Girls’ Basketball Captains Demonstrate Outstanding Leadership

Once young people are honored with the title of being a team captain, they should rightfully feel a sense of pride. But, they should also keep in mind that they cannot rest on their laurels. Rather, they should fully understand that the hard work has just begun and ultimately realize that they have responsibilities far greater than just to themselves-indeed they are highly accountable to their coaches and teammates.


This winter season, Sarosha Parsons, Emily Waldenberg, Mykala Healy and Julia Kane have earned team captainship for the Livingston High School girls’ basketball program. Each of the captains, according to head coach Courtney Wicks, has demonstrated outstanding leadership.


“They are all seniors,” Wicks said. “I chose these captains because they lead by example, they are well regarded and respected by their school community and the members of the team. They also bring tremendous competitive experience, skills, high level basketball IQ, and the most amazing energy, synergy and attitude.
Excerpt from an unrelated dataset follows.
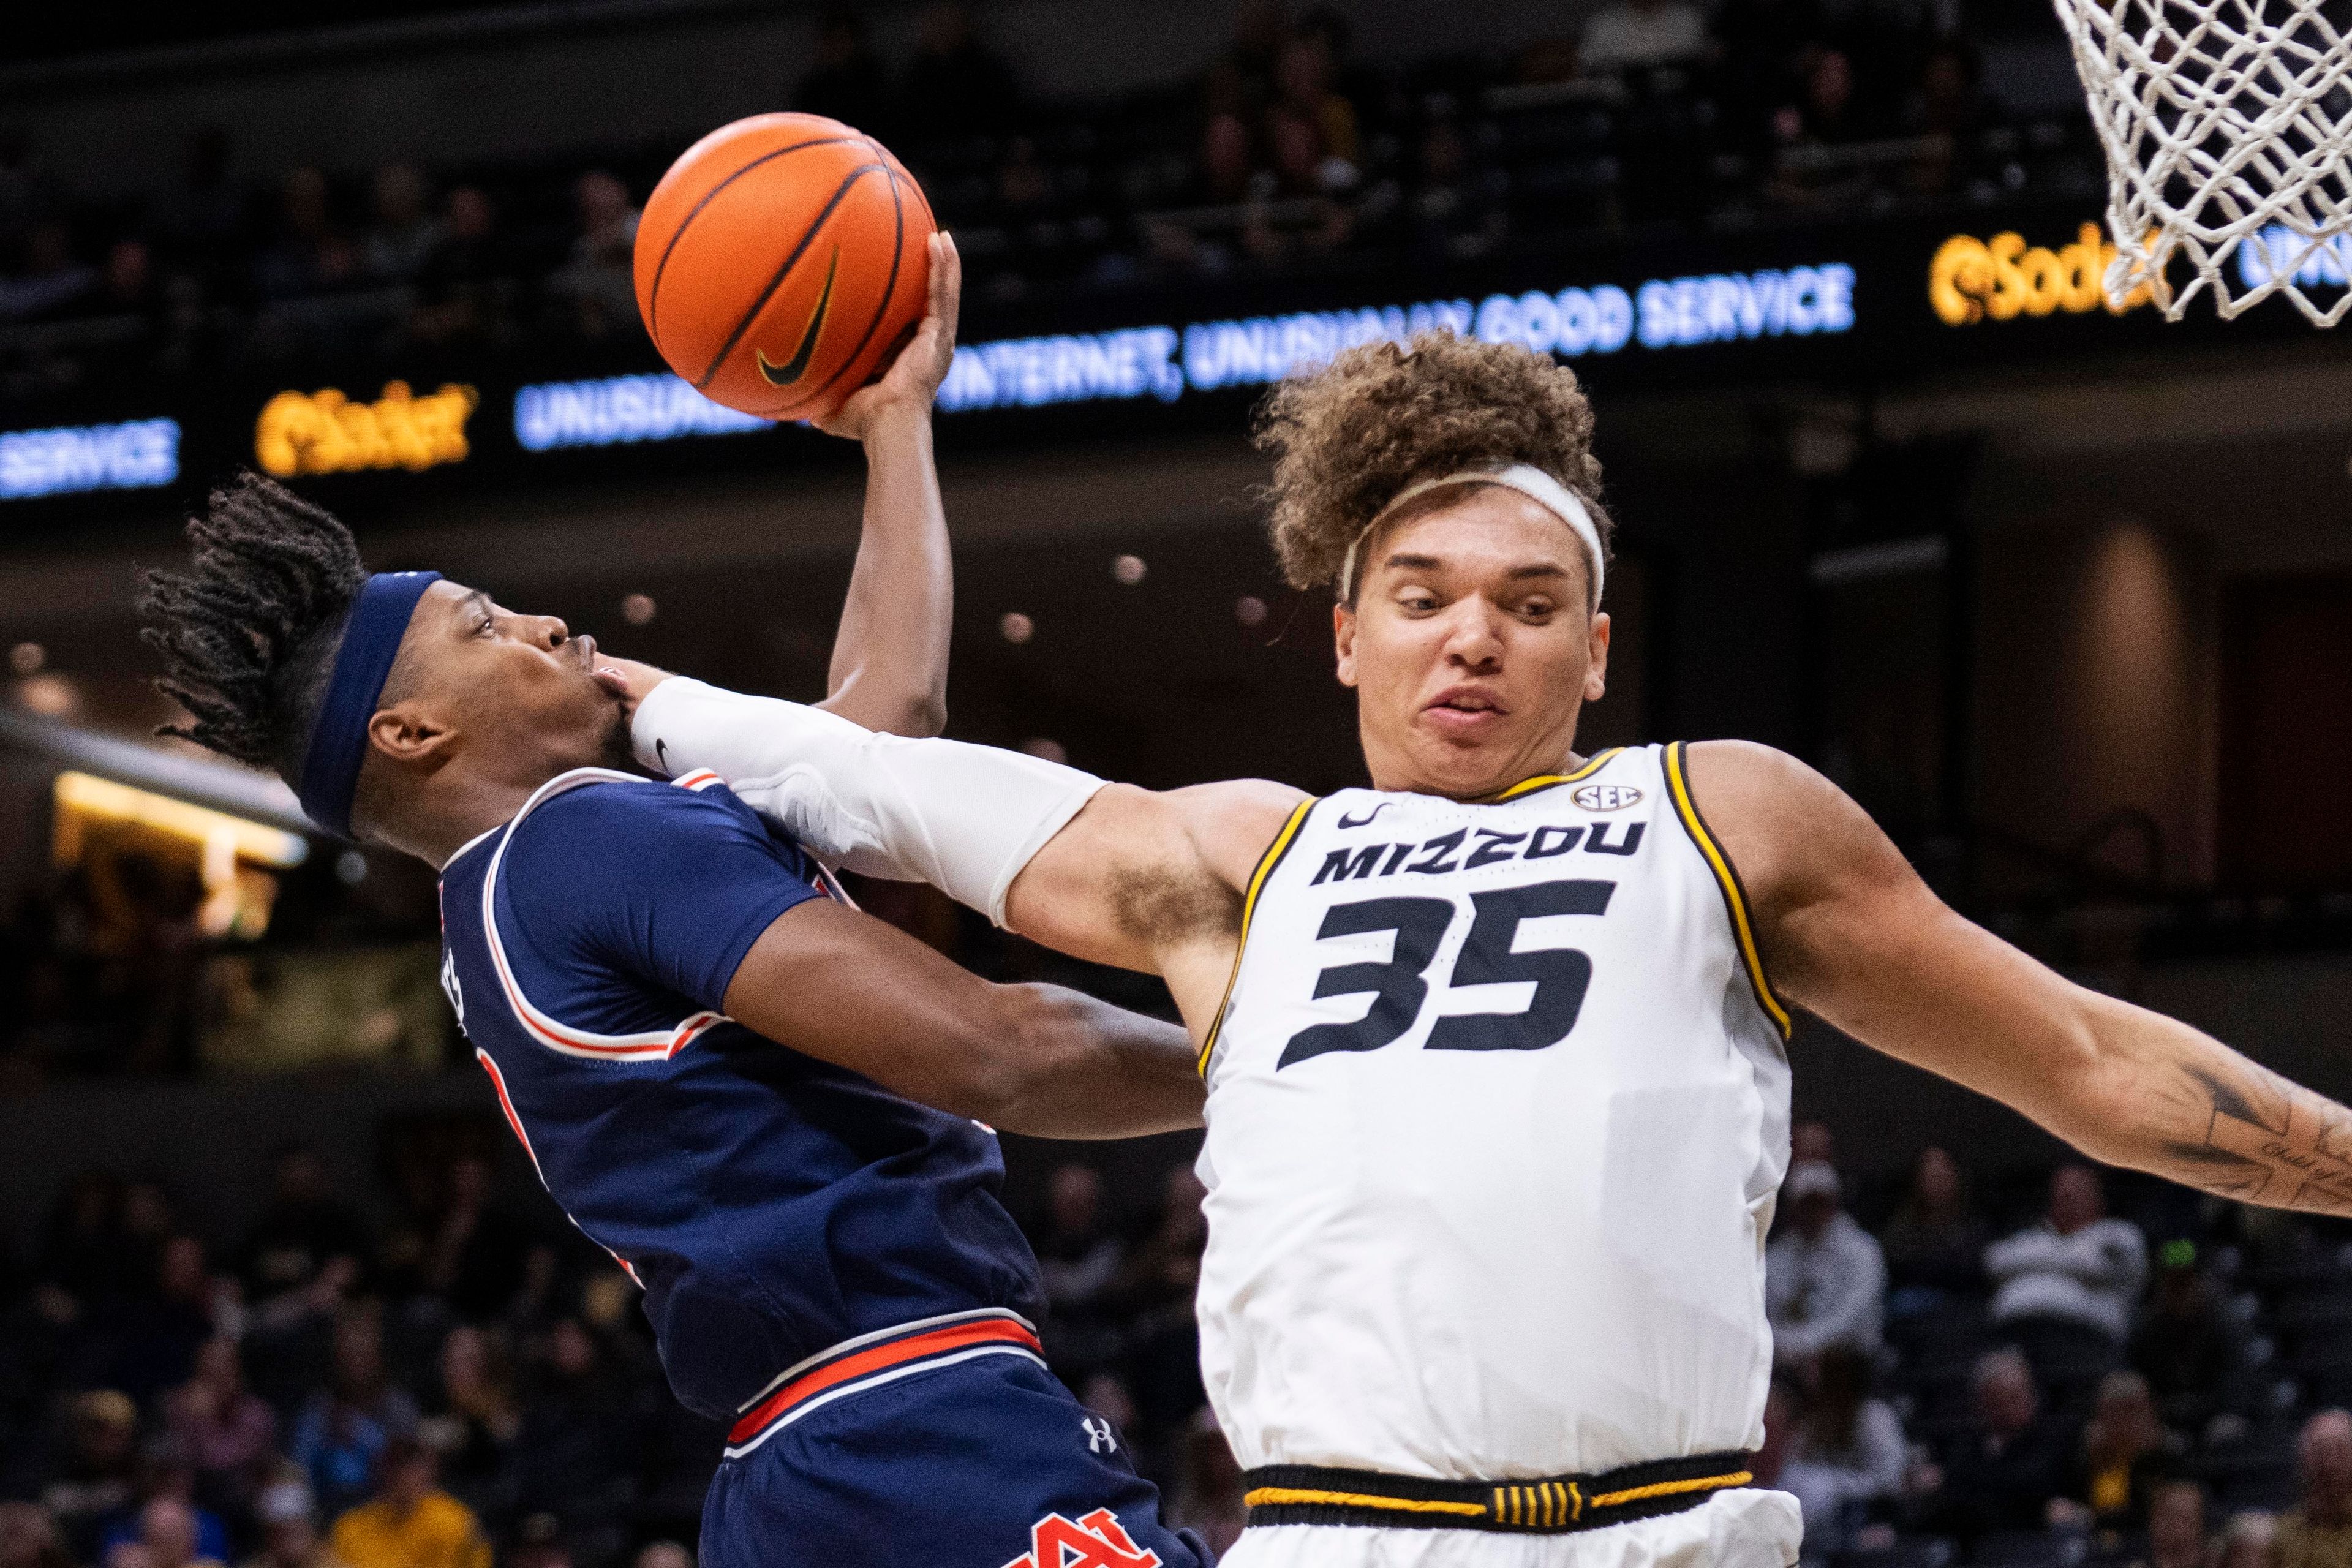 Auburn's Denver Jones, left, is fouled by Missouri's Noah Carter during the first half of an NCAA college basketball game Tuesday, March 5, 2024, in Columbia, Mo. (AP Photo/L.G. Patterson)

They are the kind of leaders you try to build a legacy around.


“I would be remiss if I didn’t mention that Sarosha Parsons just joined a very few student athletes in Livingston High School history to score 1,000 points,” she adds. “It hasn’t been done in over 16 years.”
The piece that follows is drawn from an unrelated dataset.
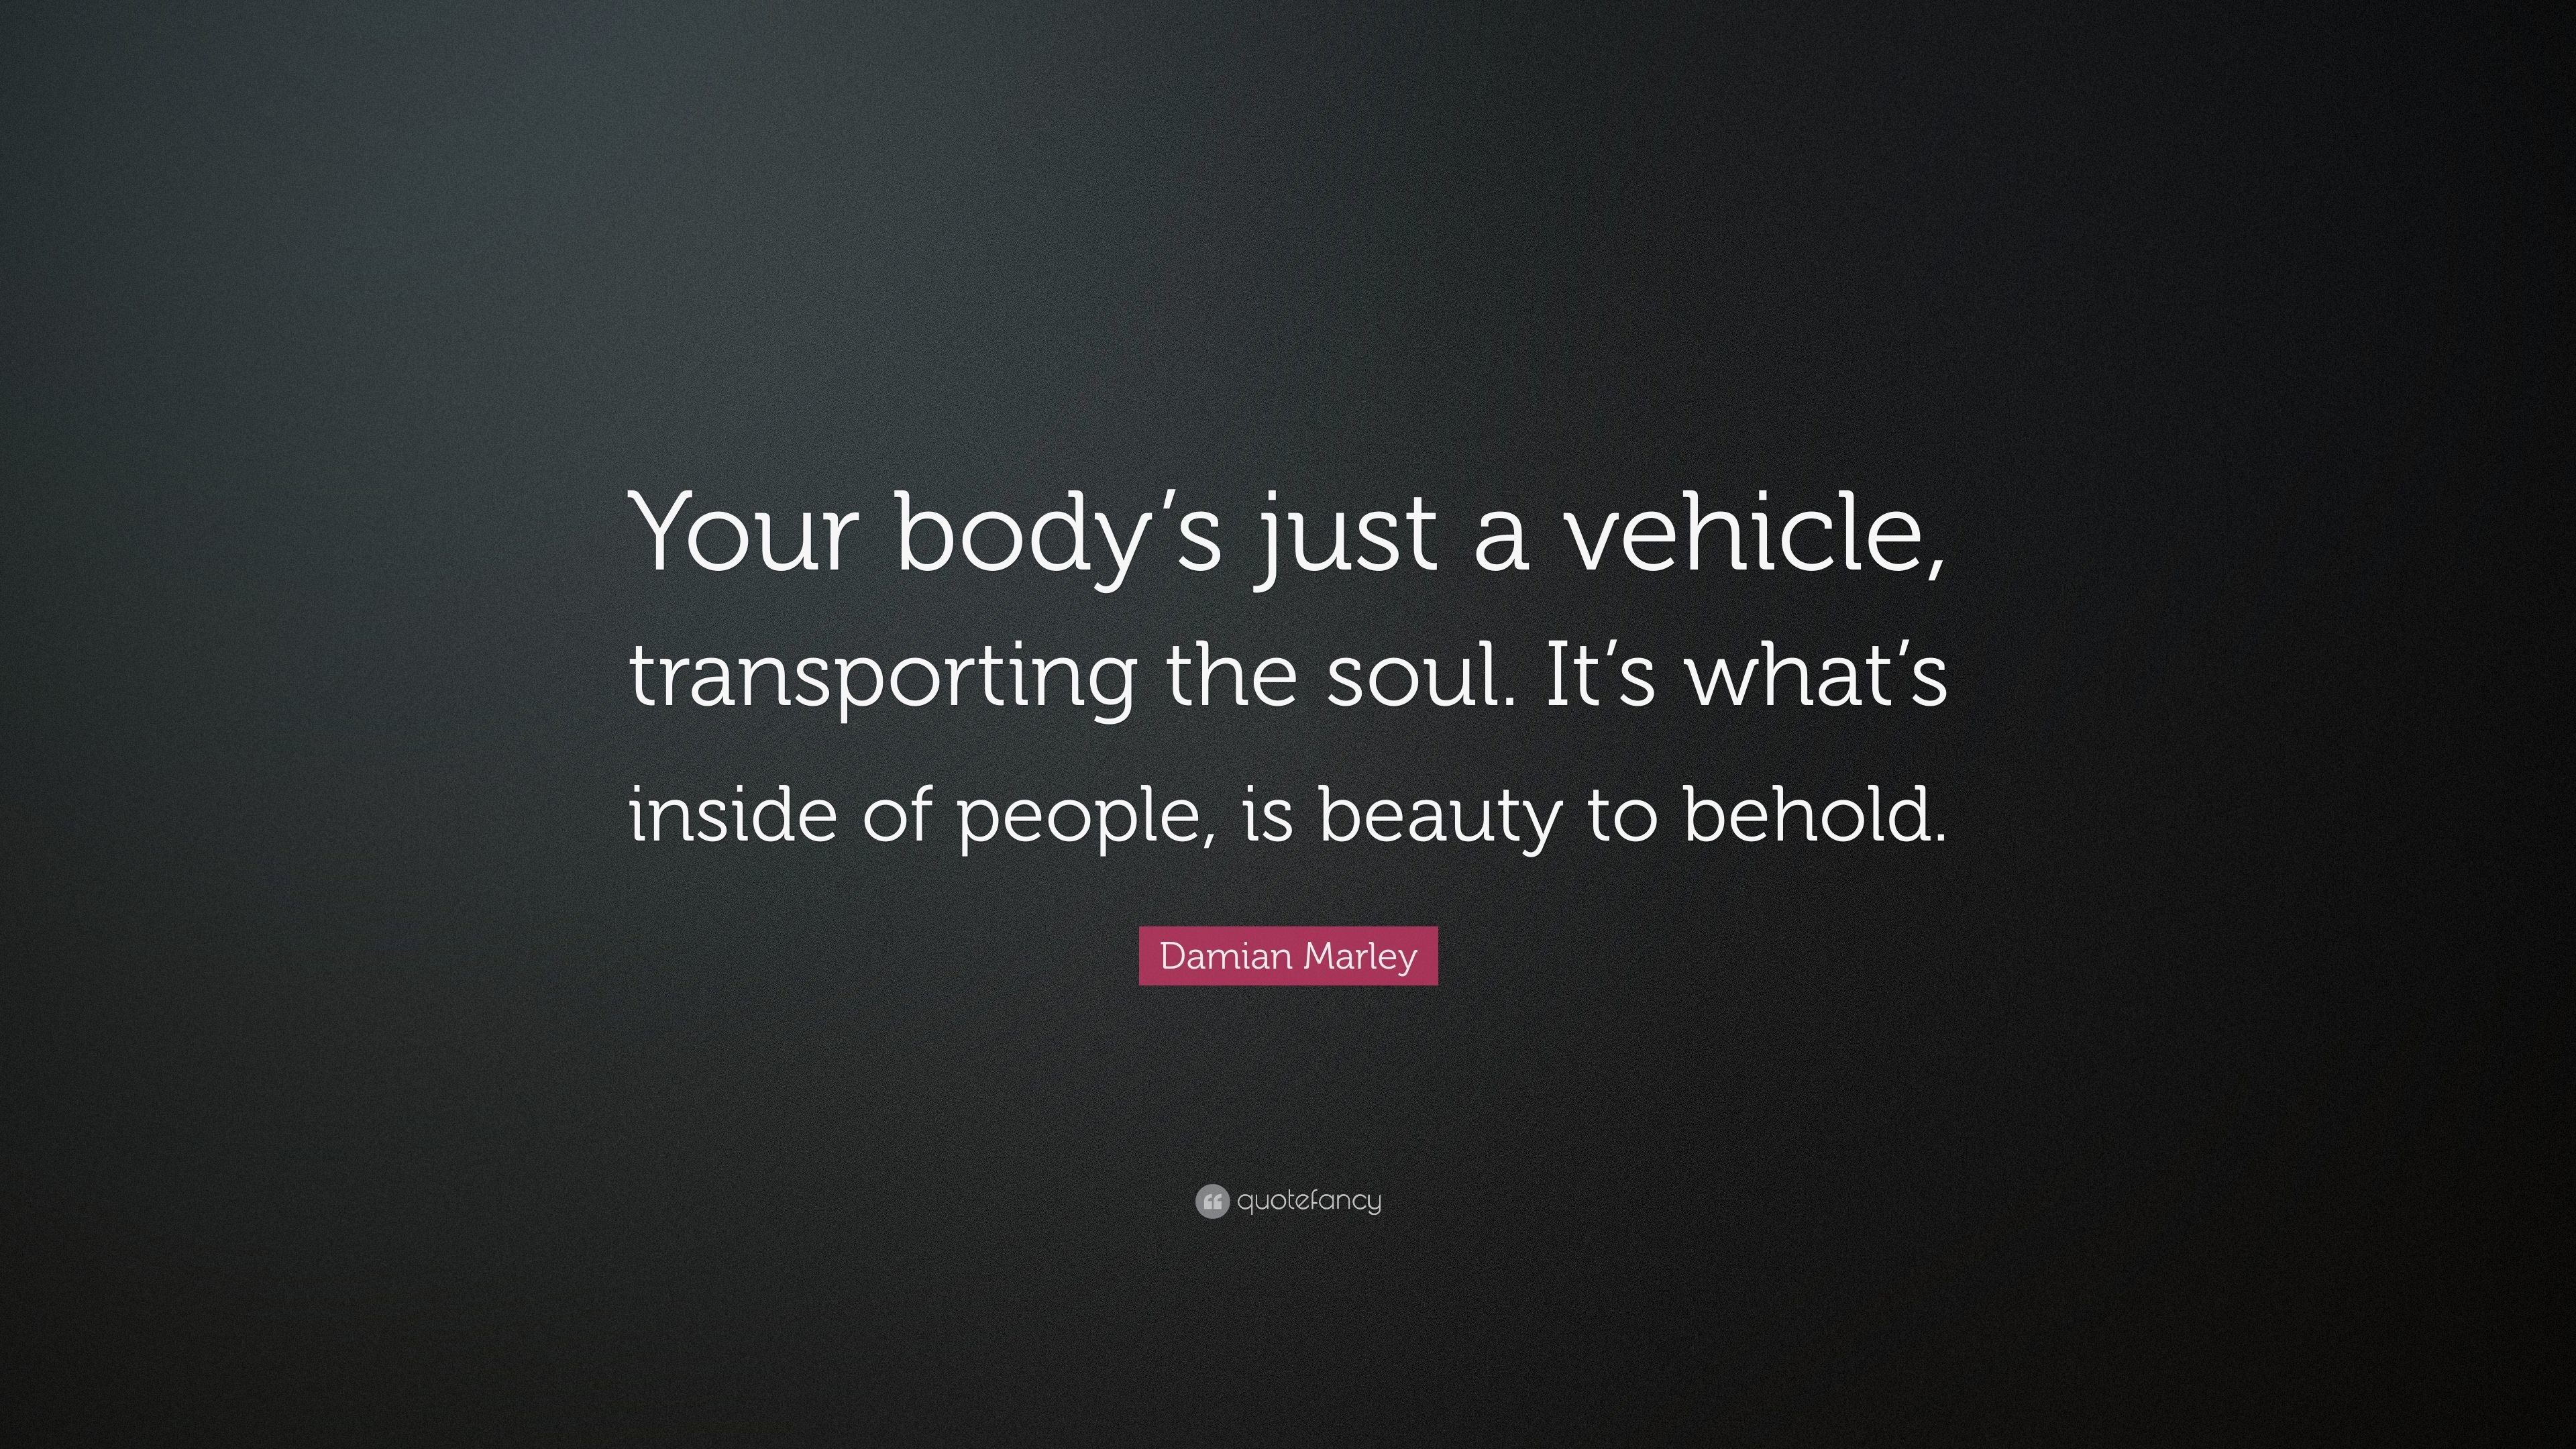 3840x2160 Damian Marley Quote: “Your body's just a vehicle, transporting the soul.  It's

Wicks has witnessed the variety of ways in which the leaders of the team have become better players in their own right as well as the way they aide their teammates on a consistent basis.
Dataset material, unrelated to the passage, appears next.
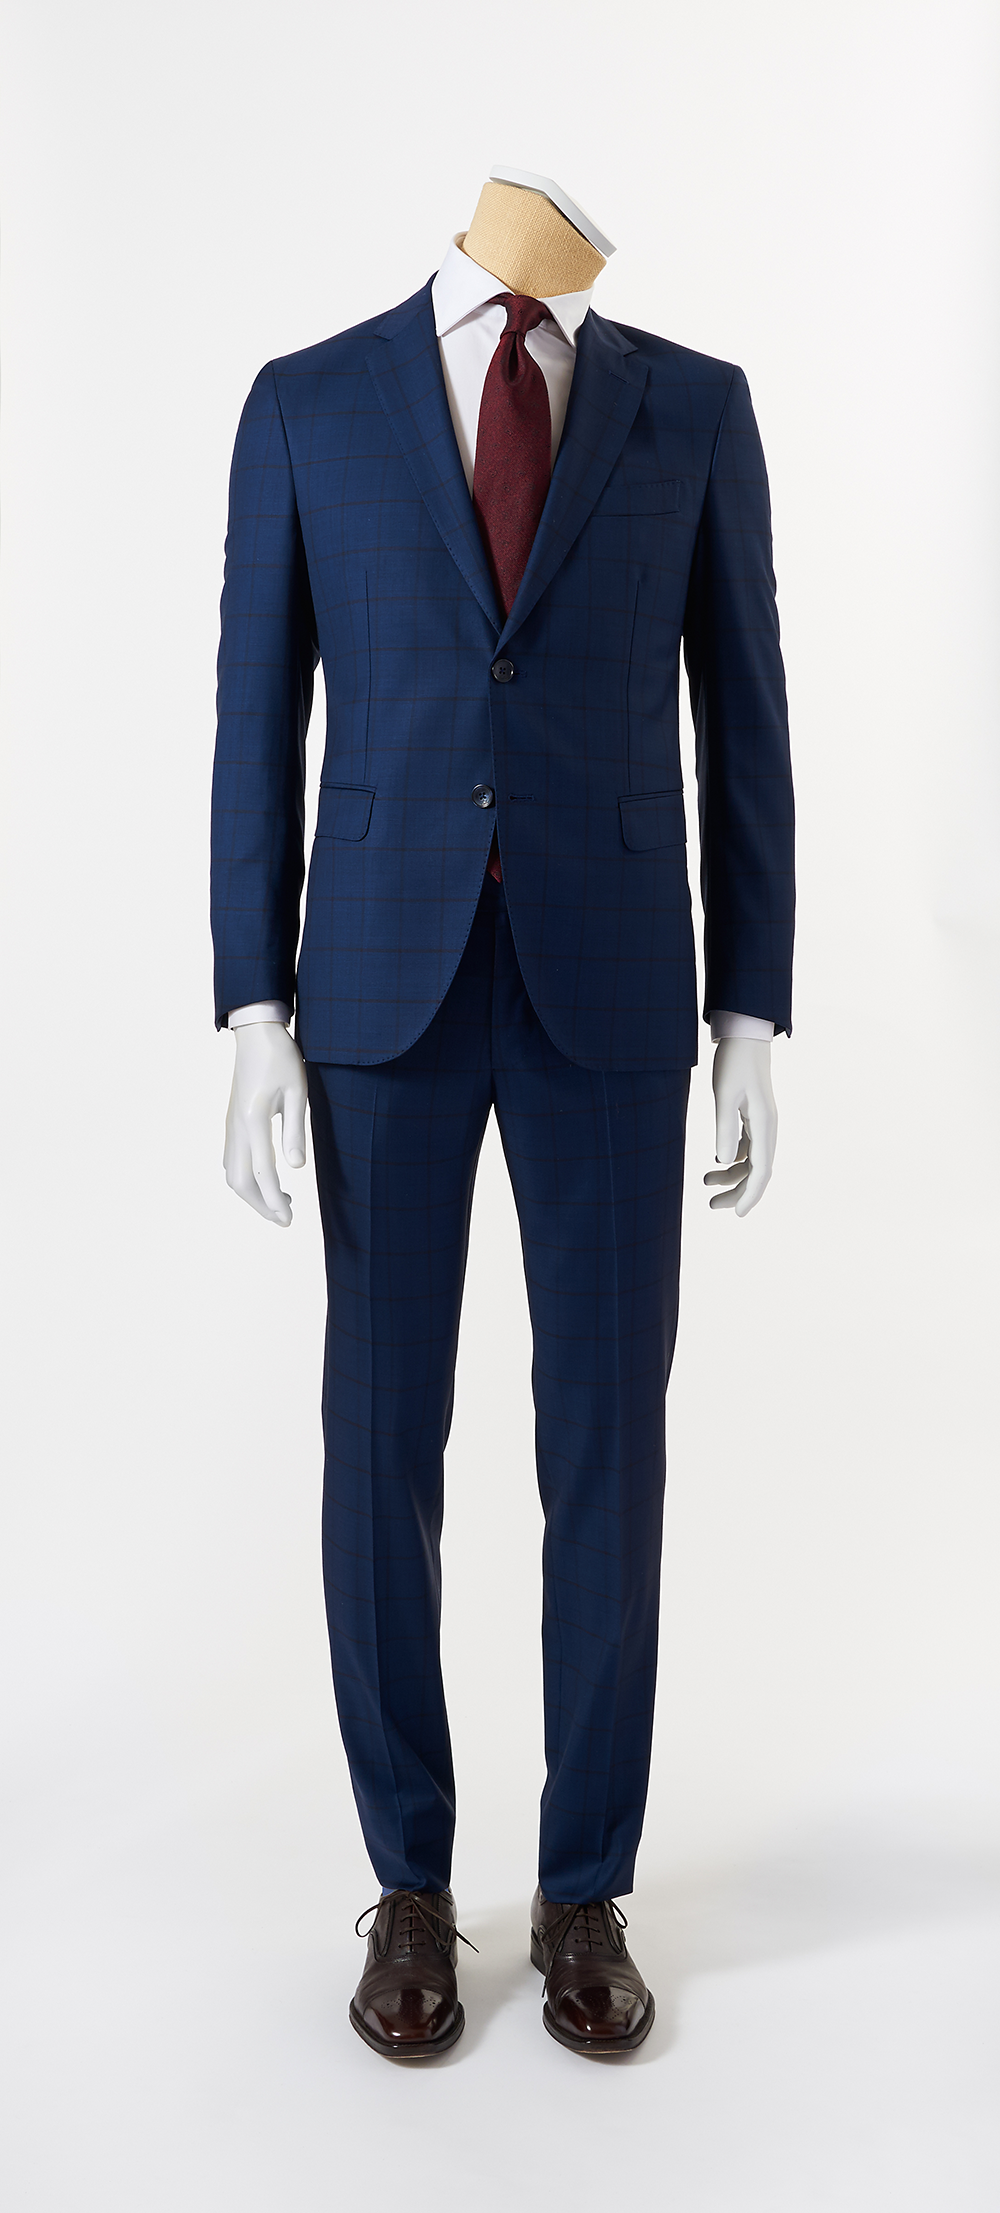 Calvaresi Suit - Royal Blue with Navy Check

“I have seen amazing commitment and improvement in player development, which has helped our overall team confidence and competitive spirit,” Wicks said. “We have yet to hit our peak and I believe that this team has a lot of good stuff to give.
“My captains and seniors are incredibly empathetic,” she continues. “They have this amazing ability to zero in on the intricacies of each individual student athlete’s player development process to help everyone make progress. Putting yourself in someone else’s shoes in order to help them unpack their potential is very complicated and difficult to do. My seniors are very gifted in that regard.”

The entire roster for the Lancers have contributed in their own way.
“The varsity Roster consists of four sophomores-AJ Dansky, Jamie Handwerker, Ashley Reuter, and Efe Okiope, four juniors-Kayla Francione, Viane Villanueva, Kaitlyn Kelly, Desiree Brower, and six seniors-Emily Waldenberg, Julie Kane, Mykala Healy, Sarosha Parsons, Emily Goldson, and Holly Wright.
“While a few of my seniors have yet to decide where they will be attending college next year, all of them have been accepted to prestigious colleges and universities which includes Colgate, Loyola, Villanova, Syracuse, Penn State, Maryland, Franklin and Marshall.”


Wicks fully understands that the sport of basketball can teach lessons of life that go well beyond what happens on the court.
“Basketball is an incredibly tough sport to play, mainly because you can only have five players on the court at a time, it is very fast paced,” Wicks said. “It requires skills mastery, quick smarts, teamwork and intense physical fitness-these aspects of the game places tremendous pressure on players to produce and compete. Your strengths and weaknesses are evident for everyone to see and every achievement and mistake is obvious.


“It takes a tremendous amount of courage, desire, stick-to-it-ness and self confidence to play varsity basketball,” she says. “Even in the face of great anxiety and pressure to compete, this team tries their best to understand their truth by facing and taking on their anxieties and weaknesses to not only get better but to reach their potential both individually and collectively. I would not be able to create this kind of team culture without the leadership of my seniors.”